Firework cupcakes for Bonfire night

So. My latest challenge was to bake some cupcakes for a lovely friend’s party on Guy Fawkes night. I was toying between bonfire cupcakes and firework cupcakes and I wanted something to incorporate spun sugar or toffee decorations. I also wanted something cheeky and surprising inside the cupcakes. The conclusion I came to was chocolate fudge cupcakes, with salted dulche de leche in the middle, chocolate butter cream frosting and sugar firework decorations.
This is how the trial batch came out:

chocolate firework cupcakes with dulche de leche

The chocolate cupcake is the same recipe for the chocolate fudge cake last post, recipe here. Dulche de leche allegedly originated in Argentina in the early 1800’s, and is basically sweetened condensed milk, boiled down to a lovely thick caramel. I had always done this by piercing the tin of condensed milk, putting it in a pan of water and waiting hours and hours and hours until it was done. Recently, I found a Hairy Bikers’ recipe that cuts this time right down. Open the tin, pour into a shallow baking tray, cover with foil, put this into a larger tray of water (a bain marie) and into the oven at 220 degrees (centigrade), for one to two hours. When its thick and toffee coloured, whisk it together and its done. I love the unexpected zing of salt in the caramel – so I whisk some in when its cool – use good sea salt, I prefer Maldons.

The spun sugar decorations were tricky. There is a very good tutorial by cooking4chumps here. Basically, take 140ml water, pour over 140g sugar in a pan, add some liquid glucose and heat. Make sure every single little molecule of sugar is dissolved in the water before it comes to the boil, or you risk crystallisation. Make sure everything you use is extremely clean (or you risk crystallisation). You want to bring it up to 160C – check with a candy thermometer. Do not let it get over 160 – or guess what – you risk crystallisation. A couple of drops of cold water can help to stop it continuing to heat up. Then I simply took a spoon and made “firework shapes” on a piece of baking paper, and waited for them to cool. Some I sprinkled with glitter sugar sprinkles.

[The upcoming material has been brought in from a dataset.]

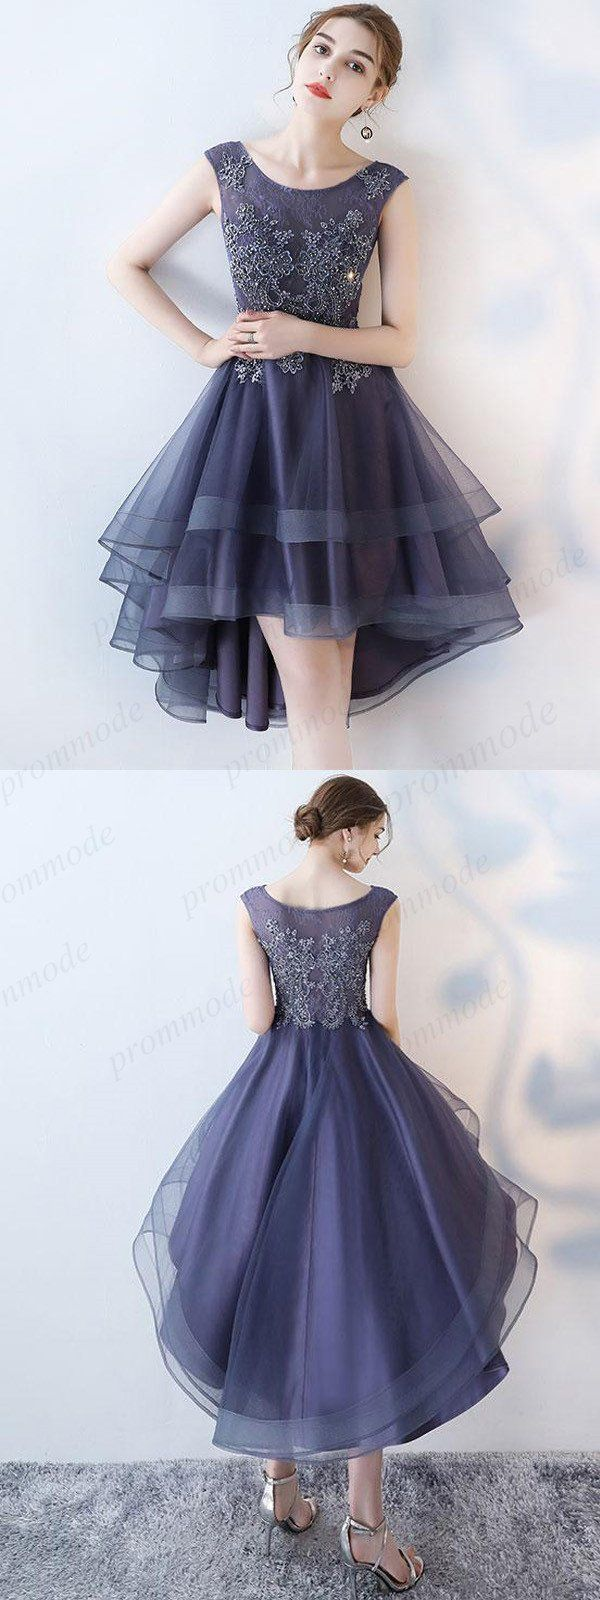 Purple Hi-lo Beaded Lace Homecoming Dresses,Unique Short Prom Dresses,BDY0215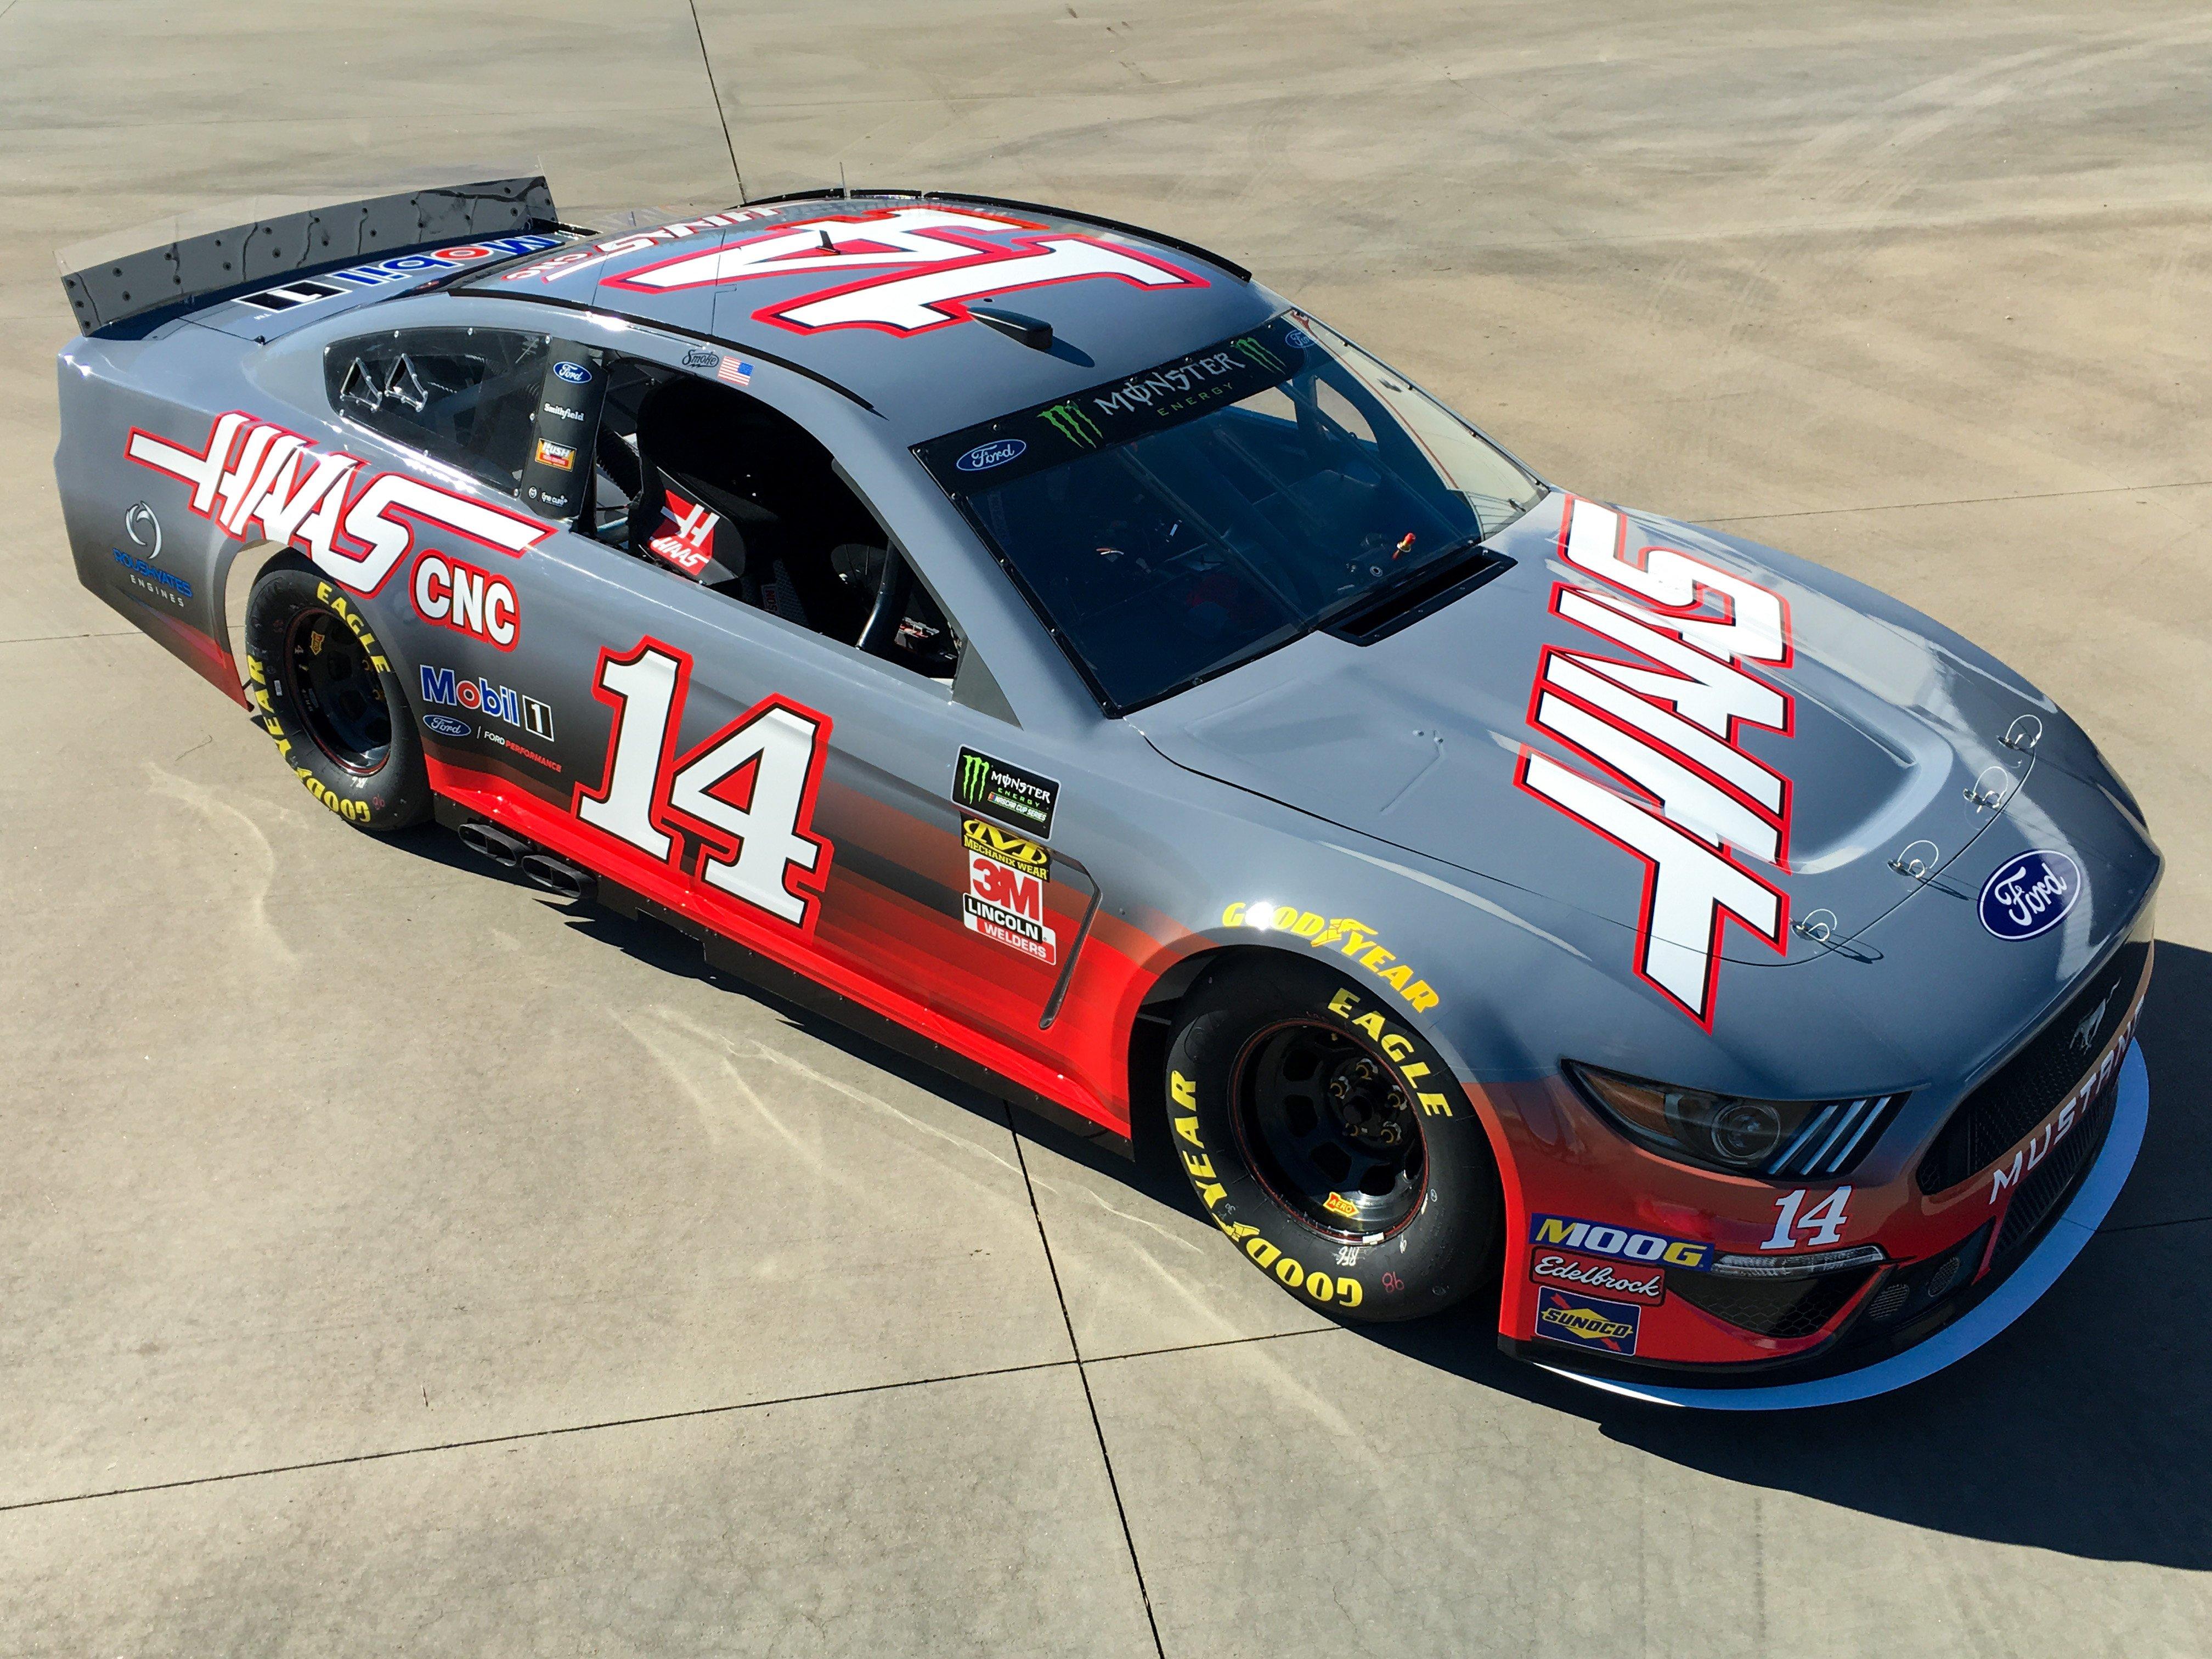 Tony Stewart 14 NASCAR race car for Circuit of the Americas

Once the cakes were baked and cool, I piped in the dulche de leche (or you can core them with a teaspoon and put a teaspoon of the caramel in the hole before putting the cake core back on top). Then I piped them with the butter cream frosting and carefully put the sugar fireworks on top.

A couple of weeks later when I had to make them for real, I decided that I wanted to use pop rocks as well to give them even more of a zing. But pop rocks don’t pop if they have been wet at all – to use in cooking you have to coat them in melted chocolate first. I put some chocolate covered pop rocks under the dulche de leche in the cupcakes, and instead of butter cream I used a whipped ganache frosting. The sugar decorations didn’t turn out as well as the test batch (typical) nor did they travel as well as I’d have liked, but they sure did taste good!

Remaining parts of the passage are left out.